According to the United Nations, nearly 800 million people (or 11% of the world’s population) lack access to an improved drinking water source. Water from unimproved sources can contain harmful pathogens, and over 2,000 children die every day due to lack of clean water, mainly in developing countries. An increasingly popular approach to solving this problem is to use solar ultraviolet light (which is abundant in many of the areas that lack clean water) to deactivate the pathogens.

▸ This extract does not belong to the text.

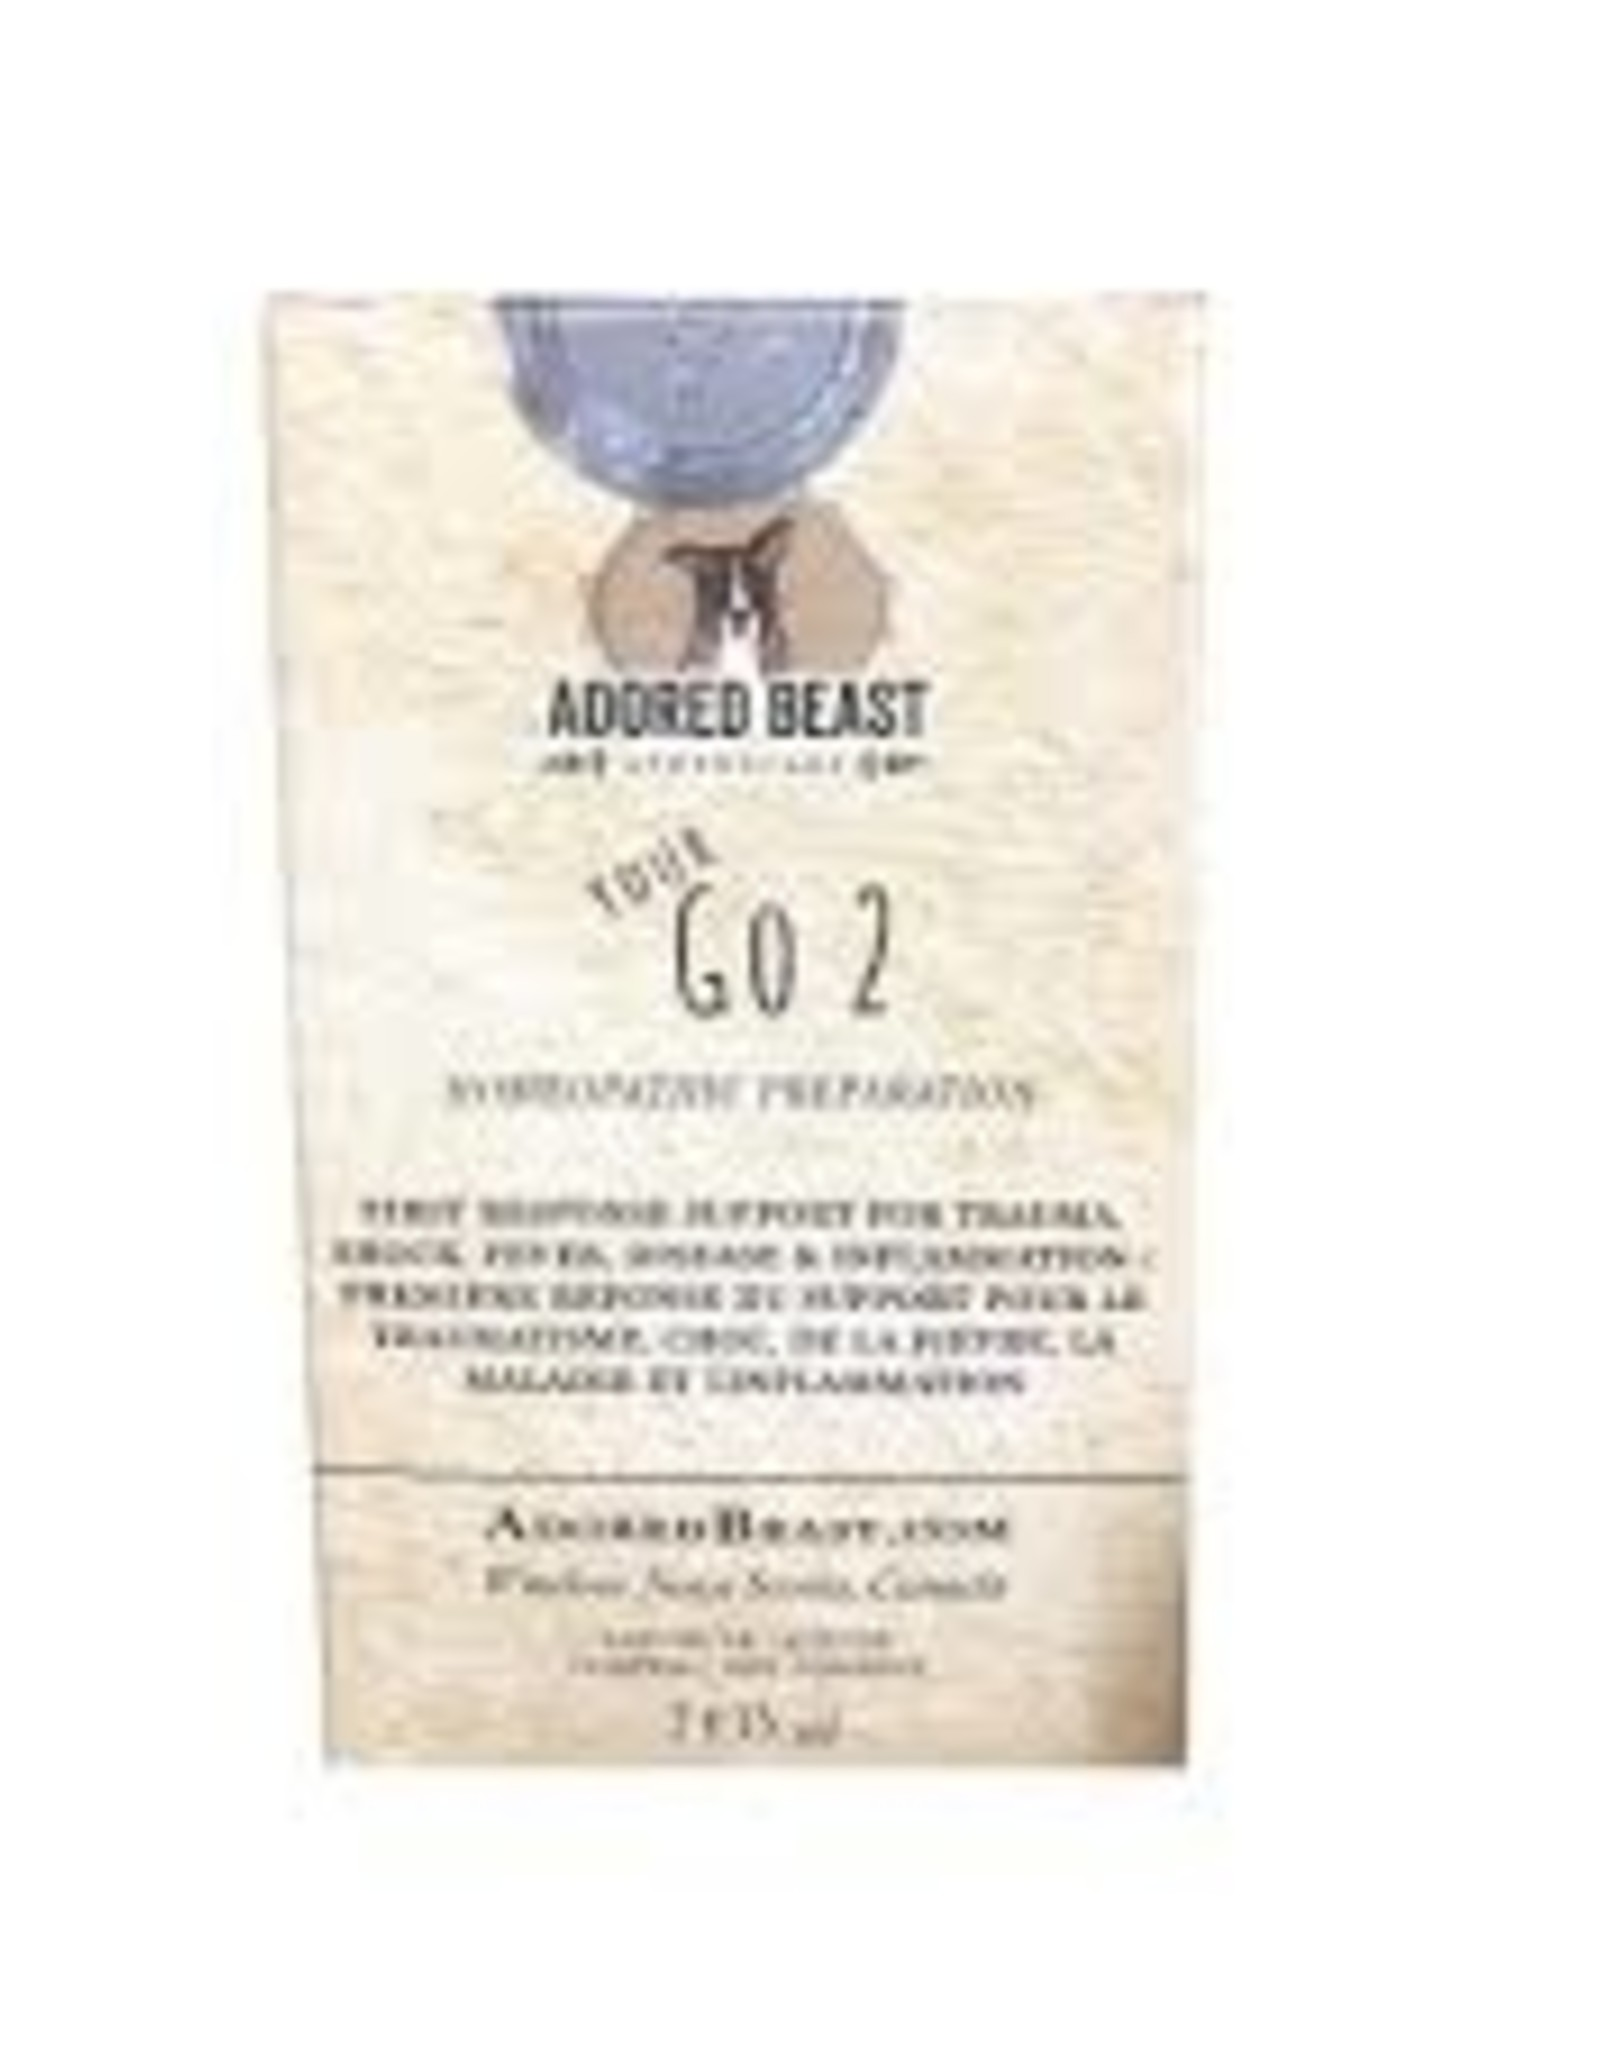 Adored Beast Apothecary Adored Beast Apothecary Go 2 2x15ml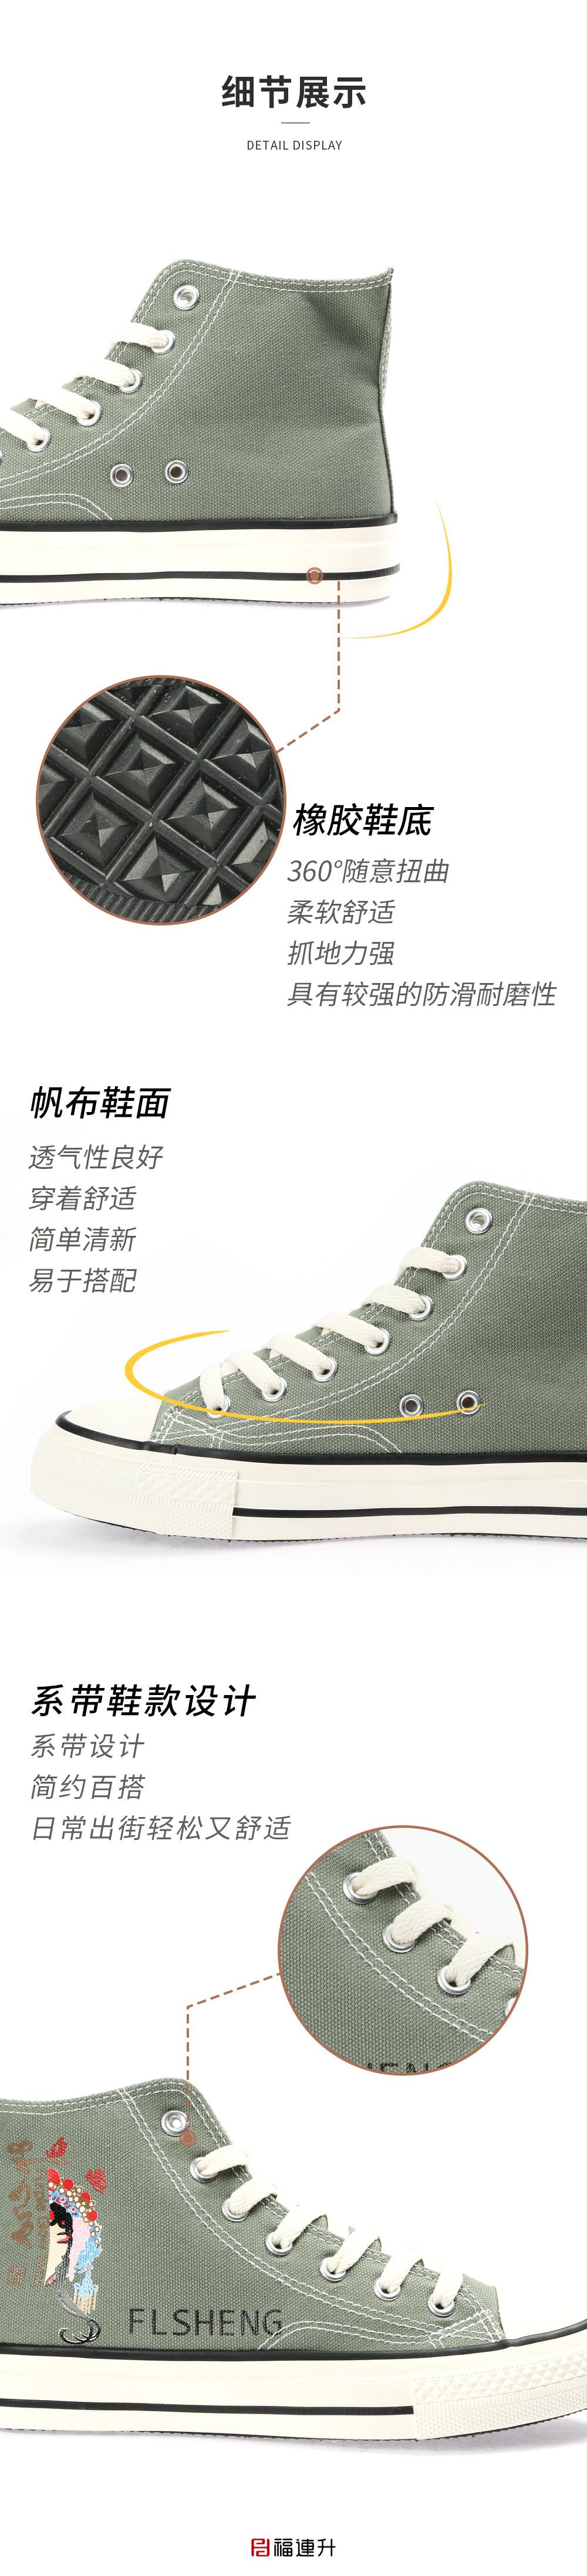 中国风高帮帆布鞋 脸谱刺绣情侣鞋潮流百搭休闲布鞋图片

The purpose of this research project has been to better understand solar UV disinfection by developing effectiveness spectra for several key microorganisms. With the completed spectra, we know how much each wavelength of light contributes to disinfection, and are able to design more efficient disinfection processes. Samples of the strains Salmonella typhi LT2, Vibrio harveyi, and Cryptosporidium parvum were exposed to wavelengths of light ranging from 254 nm to 330 nm using a polychromatic, medium-pressure Lamp, and deactivation was tracked as a function of dose. It is well-documented that as wavelength increases above 254 nm, the disinfection becomes exponentially less effective, and the data from this project has maintained this trend. When the results were paired with data on how much UV radiation reaches earth from the sun, it was found that wavelengths between 310 and 320 nm are the largest contributors to disinfection for S. typhi LT2 and V. harveyi, whereas 330 nm contributes the most to deactivation of C. parvum.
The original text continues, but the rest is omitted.